Il dit vouloir finir sa vie comme il l’a commencée, « avec en tête la seule beauté du geste », dans un hommage déséquilibré au monde du cinéma et à sa propre existence en son sein. Le film procède par coupures, par une succession de saynètes que rien ne relie, ou du moins rien d’autre que le vide qu’incarne le personnage, lui-même béance derrière le masque. Quand Lavant ôte son déguisement il n’y a rien d’autre derrière qu’un autre costume, une autre apparence, car même son rôle de père est une composition : tragique d’un théâtre qui envahit complètement la vie et s’arrête à chaque fois au bord de la mort, avec des balles qui ne tuent personne mais des rôles qui usent à chaque fois un peu plus le visage neutre et lisse qui se dévoile dans la voiture. « Monsieur Oscar » change de visage comme un affamé de la vie, que chaque étape rapproche de la fin : car tout réside dans le regard de celui qui voit, or face à des caméras devenues d’abord « plus petites que la tête » puis totalement invisibles (ce qu’illustre la scène de motion capture), ne reste pour seule option que le spectacle permanent, sous tous les angles, sous toutes les coutures possibles et imaginables. Le film donne donc l’impression d’une ultime démonstration de force, d’un élan puissant mais désespéré vers autant de films possibles, qui ne sont que prétexte à un exercice style. Il incarne surtout une souffrance et une fatigue, comme en témoignent les neuf rendez-vous, plus ou moins longs, qui s’enchaînent dans une journée qui n’en finit plus, et où il n’est jamais question de s’alimenter.

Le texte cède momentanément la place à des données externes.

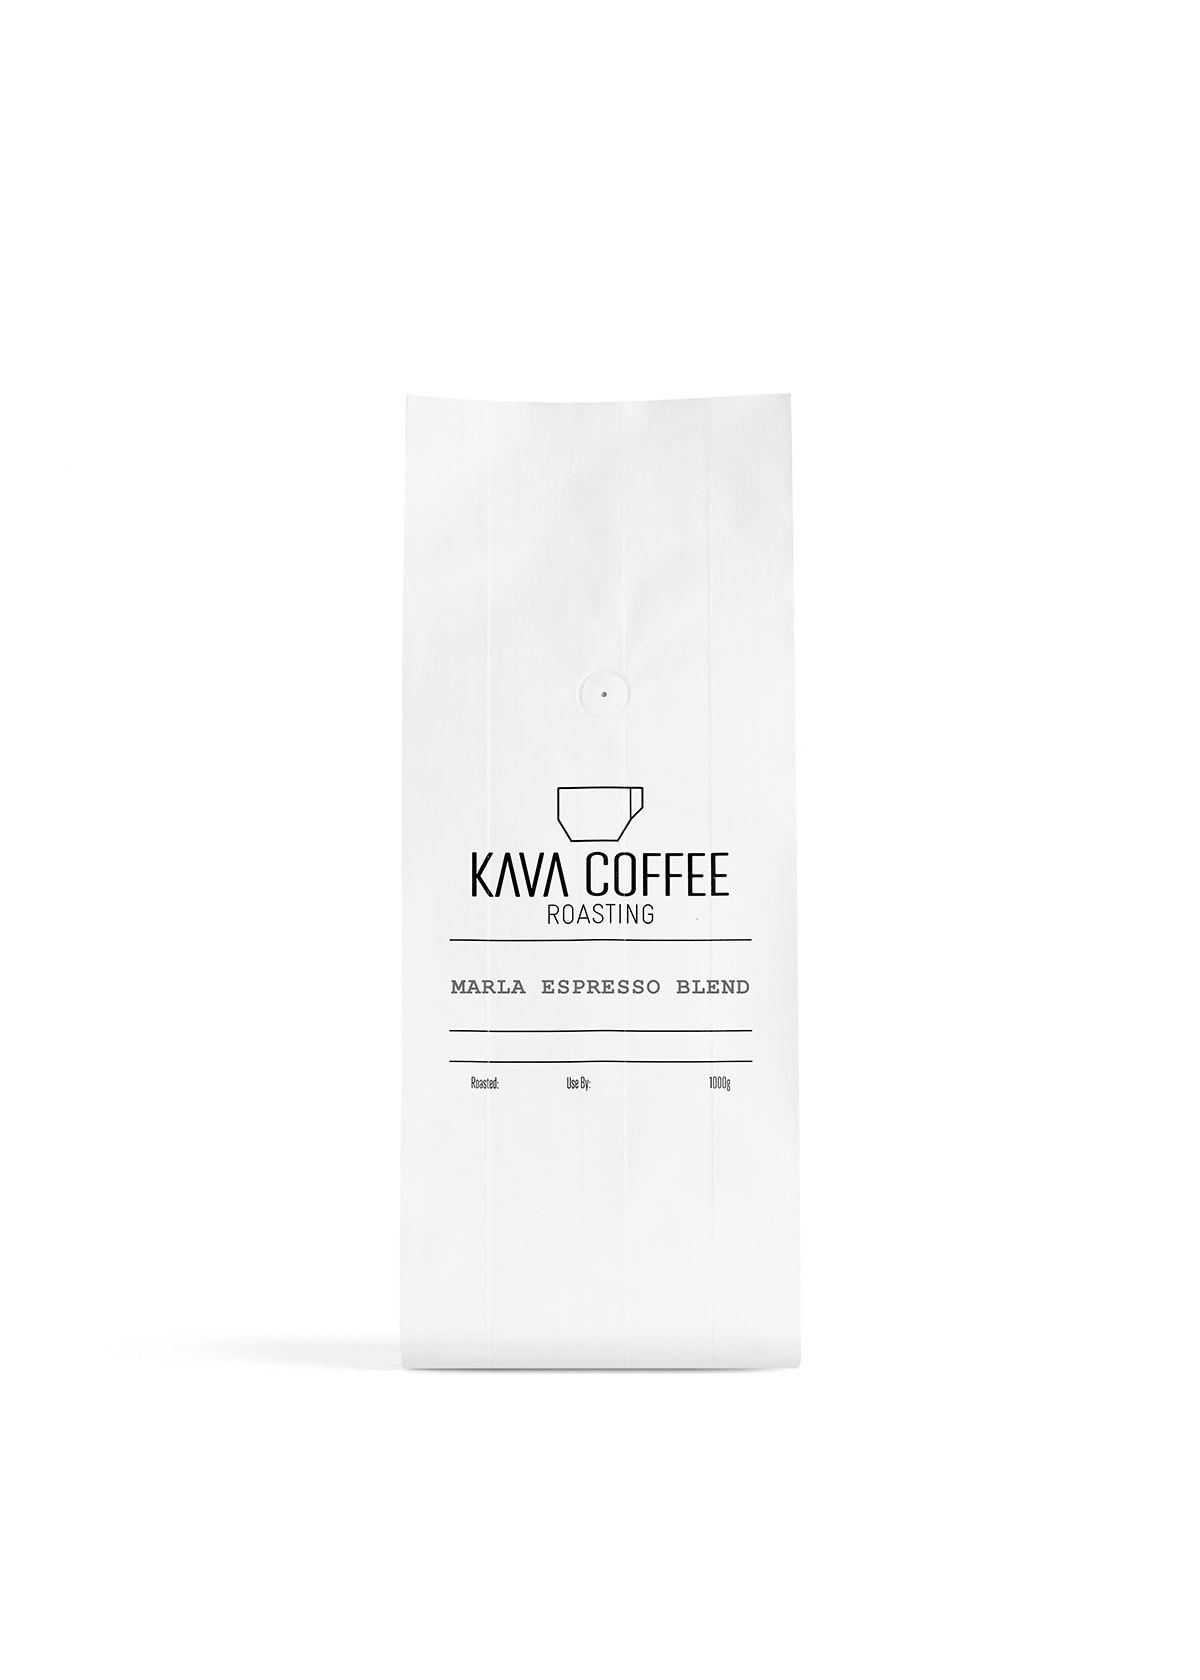 Marla Harman Espresso 1 kg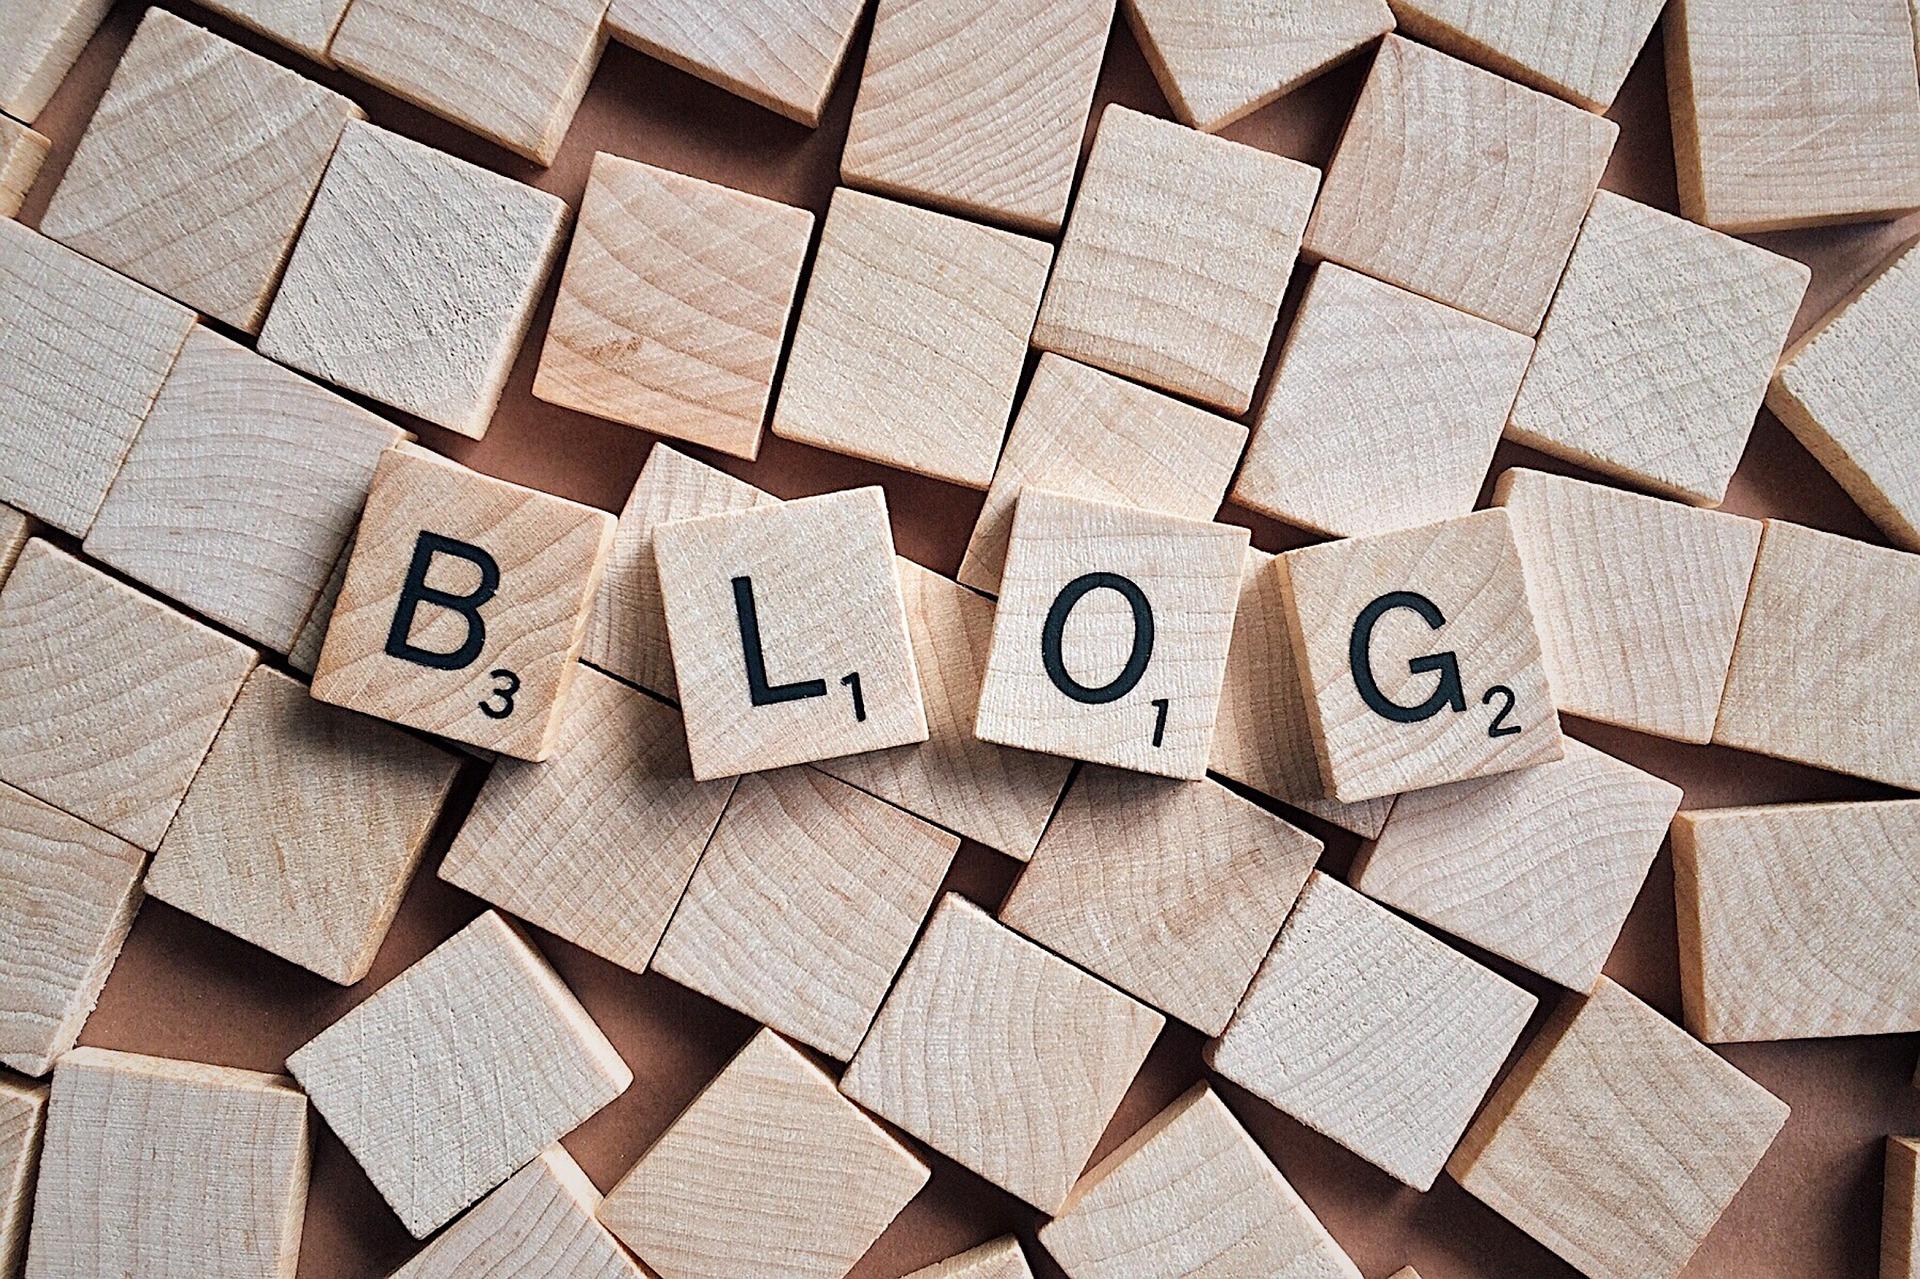 blog 2355684 1920 - WordPressのカスタマイズでオススメ本4つと簡単なやり方まとめ

Cependant certains travers, s’ils constituent peut être par leur simple présence une dénonciation ou un constat d’échec, sont par trop excessifs. Je n’adhère pas du tout à la scène tournée dans les galeries Lafayette, qui reprend le décor des Amants du Pont Neuf avec Kylie Minogue à la place de Juliette Binoche, qui se met à chanter avec Lavant de manière très gauche, avant de le quitter sur un adieu – dont le pathétique tourne court, puisque la jeune femme finit explosée au rez-de-chaussée. Le spectacle n’est en fait jamais aussi bon que dans la gratuité du théâtre qu’il construit de toutes pièces et pour lui-même : lors du premier rendez-vous, sur le trottoir où il se change en vieille mendiante de manière extraordinaire, ou dans la voiture avec sa fille, dont le mensonge plonge le film dans un nouvel abîme de déguisements, beaucoup plus que dans l’absurde nombriliste de scènes comme celle du Père-Lachaise (en deux films il m’a été donné de voir Lavant deux fois le sexe à l’air, l’expérience ne devient pas plus enthousiasmante avec le temps). Le comique disséminé un peu partout sauve l’ensemble, et dégonfle un peu le premier degré très fort du jeu de Lavant : les tombes « visitez mon site web » et les limousines tout juste sorties de Cosmopolis, qui se répondent dans un plan final drolatique où elles évoquent la fin des machines avant de finir sur un « amen » respectueux, sont des appels d’air bienvenus dans une oeuvre où le méta est omniprésent, et parfois difficilement appréhendable à mes yeux.